Author: Elizabeth Hand
Publisher: OPen Road Media
Date of publication:  February 2015

When the young members of a British acid-folk band are compelled by their manager to record their unique music, they hole up at Wylding Hall, an ancient country house with dark secrets. There they create the album that will make their reputation, but at a terrifying cost: Julian Blake, the group’s lead singer, disappears within the mansion and is never seen or heard from again.


Now, years later, the surviving musicians, along with their friends and lovers—including a psychic, a photographer, and the band’s manager—meet with a young documentary filmmaker to tell their own versions of what happened that summer. But whose story is true? And what really happened to Julian Blake?

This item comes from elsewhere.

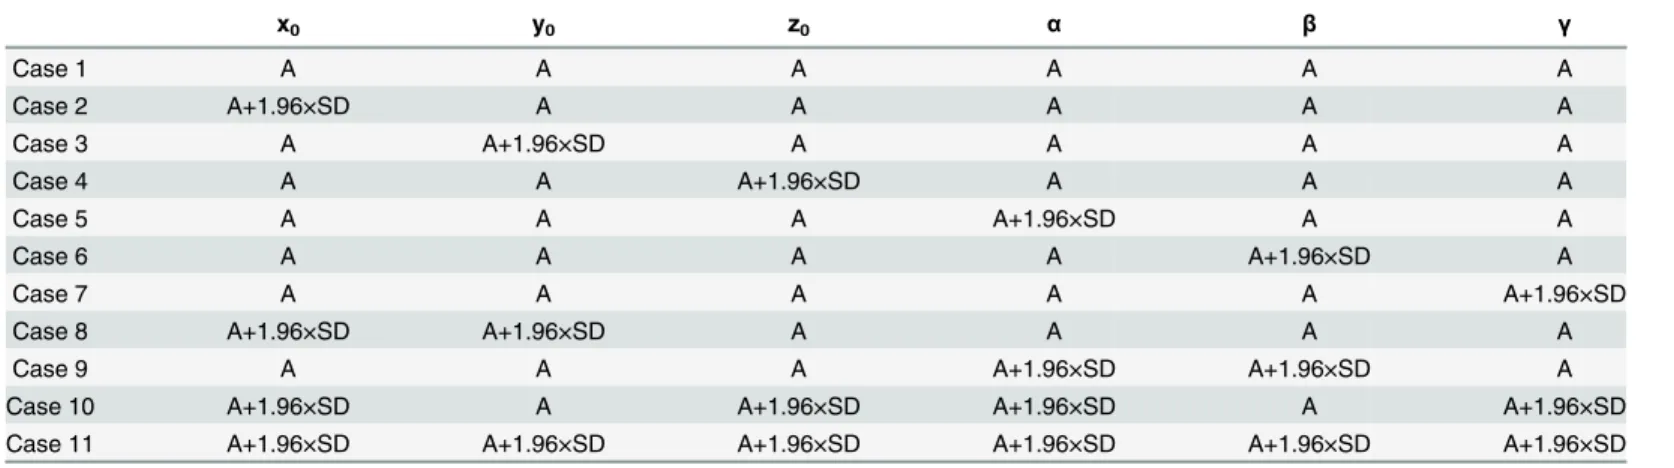 Table 1. Pre-set misalignment components used in 11 cases considered in the validation study.

 Wylding Hall was another random pick from my library's Overdrive site.  I didn't really know anything about the book going into it.  I was hoping I was going to get a spooky ghost story.  Sadly, I didn't find it here. I honestly can say that I really didn't care for this book.  I only finished it because it was so short. The premise of the story is that in the early 70s, a band retreated to a house in the country to work on a new album. By the end of the summer, the lead singer, Julian, disappears.

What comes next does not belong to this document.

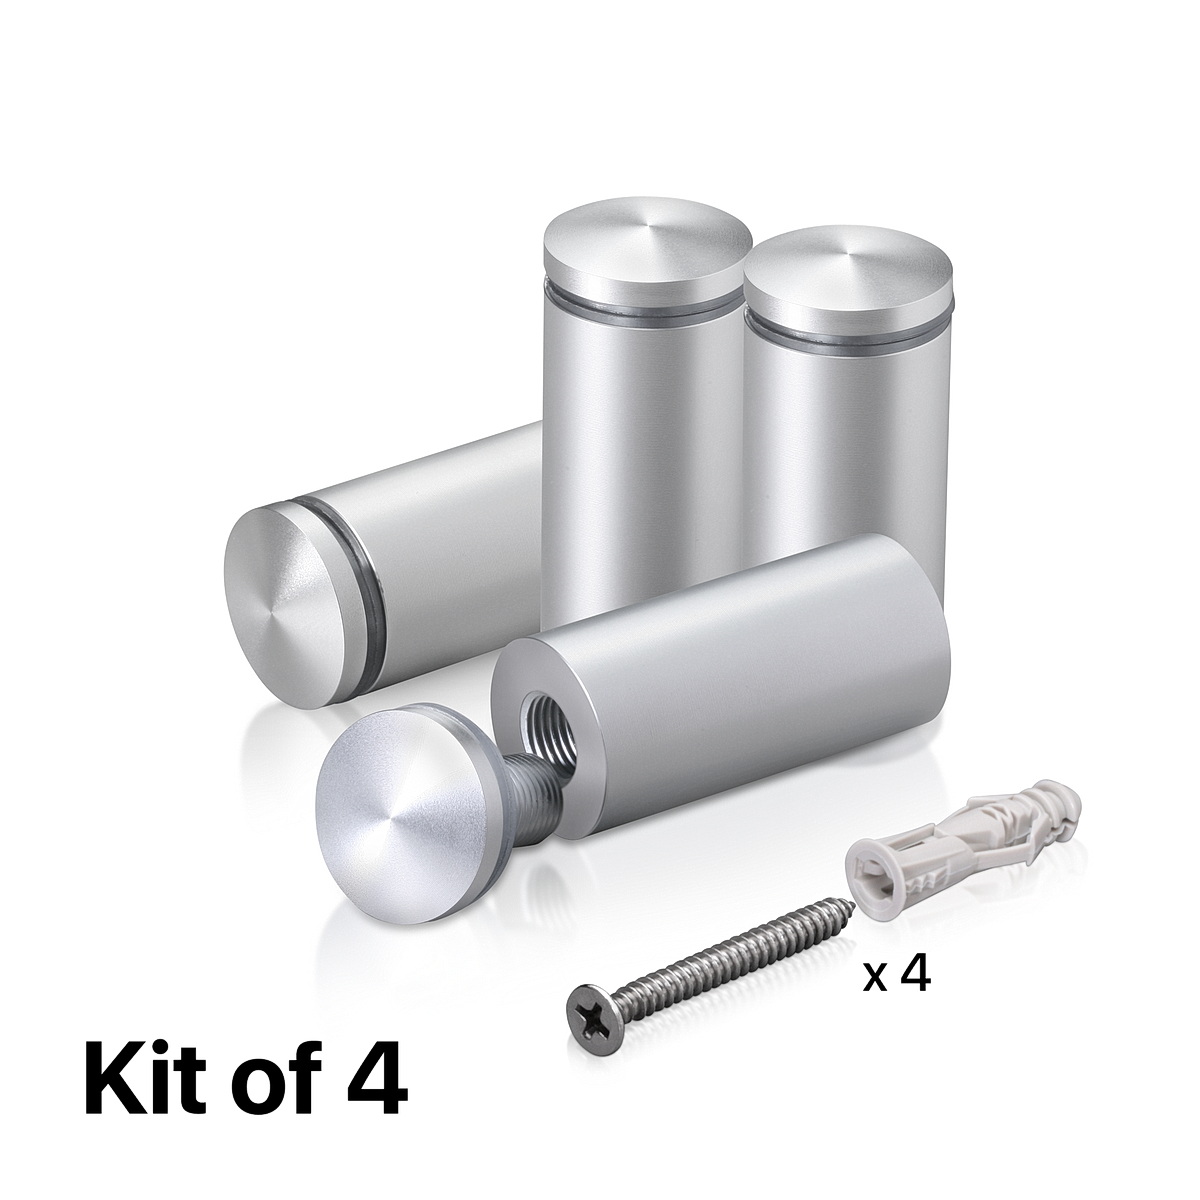 (Set of 4) 7/8'' Diameter X 1-3/4'' Barrel Length, Aluminum Rounded Head Standoffs, Clear Anodized Finish Standoff with (4) 2216Z Screws and (4) LANC1 Anchors for concrete or drywall (For Inside / Outside use) [Required Material Hole Size: 7/16'']

The story is told in documentary interview style.  I'm not sure this really worked for me. It was hard to remember who was talking.  The same parts of the story were retold a few times making it kind of redundant. The multiple points of view made it hard to get a feel that something was really wrong with the house.  There is a little gotcha (maybe sorta) moment in the end, but it just fell short. I was left with more questions in the end and still have no idea what happened to Julian.  This could have been such a great ghost story.  Sadly, it just wasn't.